When real estate bubbles burst, the financial sector and the real economy are adversely affected. Mian and Sufi (2009) show that zip codes in the United States that experienced the largest increases in household leverage tended to experience the sharpest jumps in loan defaults and the most severe recessions.
Asset price bubbles typically go through three phases. The first starts with financial liberalization, a conscious decision by the central bank to increase lending, or some other similar event. The resulting expansion in credit is accompanied by an increase in the prices of assets such as real estate. This rise in prices continues for some time, possibly several years, as the bubble inflates. During the second phase, the bubble bursts and asset prices collapse, often in a short period of time, such as a few days or months, but sometimes over a longer period. The third phase is characterized by the default of agents that borrowed to buy assets at inflated prices. Banking and/or foreign exchange crises may follow this wave of defaults. The difficulties associated with the defaults and banking and foreign exchange crises often cause problems in the real sector of the economy that can last for years. There is significant interaction between the financial system and growth.
Consistent with the first phase, figure 4.2 shows that countries that experienced significant increases of household debt in 1997–2007 experienced significant increases in housing prices. This relationship suggests that the link between easy household credit and rising property prices held globally. Consistent with the second phase, figure 4.3 shows that countries that experienced excessive increases in housing prices exhibited a significant drop in those prices once the bubble burst. Consistent with the third phase, figure 4.4 shows that GDP per capita in the United States significantly dropped after the bust of the real estate sector.

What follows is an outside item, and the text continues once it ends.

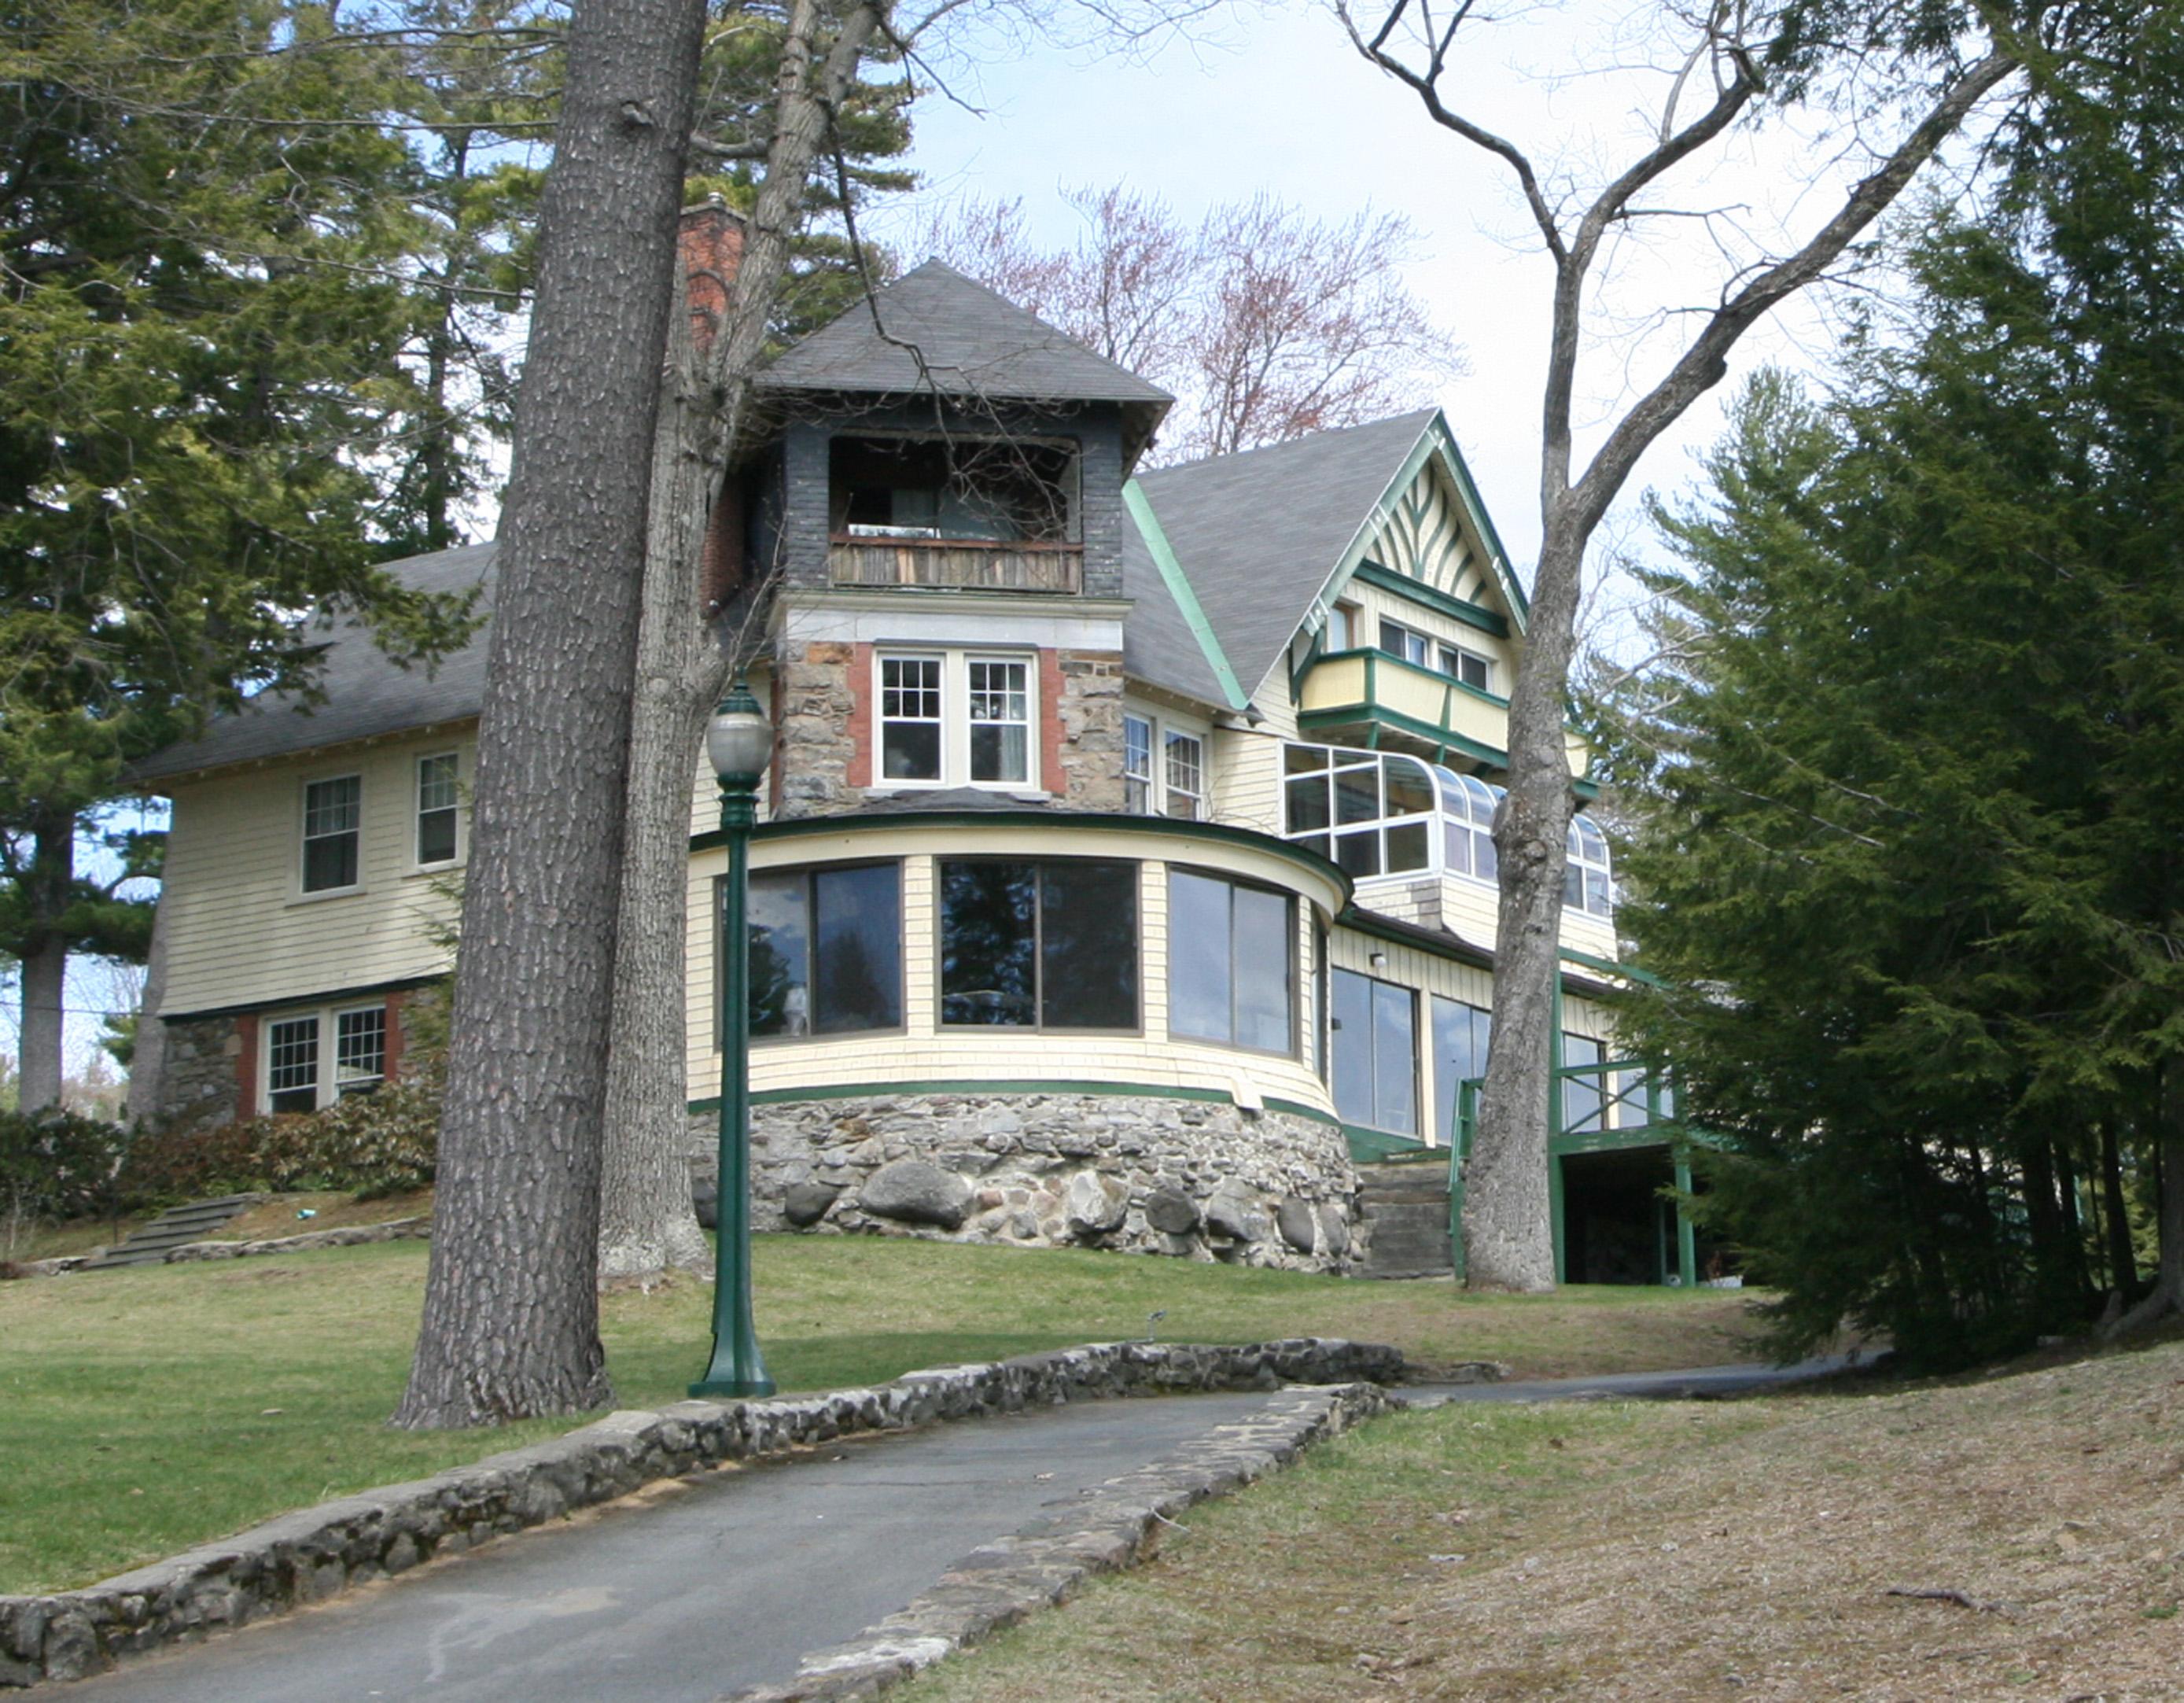 The Denison Mansion

In order to avoid crises, it is very important for macroprudential policymakers to be able to predict bubbles and prevent their emergence. Borio and Lowe (2002) argue that although it is difficult to predict asset price bubbles, particularly real estate bubbles, it is not impossible. They provide evidence that rapid credit growth combined with large increases in real estate prices can lead to financial instability. They suggest that in low-inflation environments, inflationary pressures can first appear in asset prices rather than in the prices of goods and services. In such cases, it may be appropriate to use monetary policy to prick bubbles and preserve financial and monetary stability.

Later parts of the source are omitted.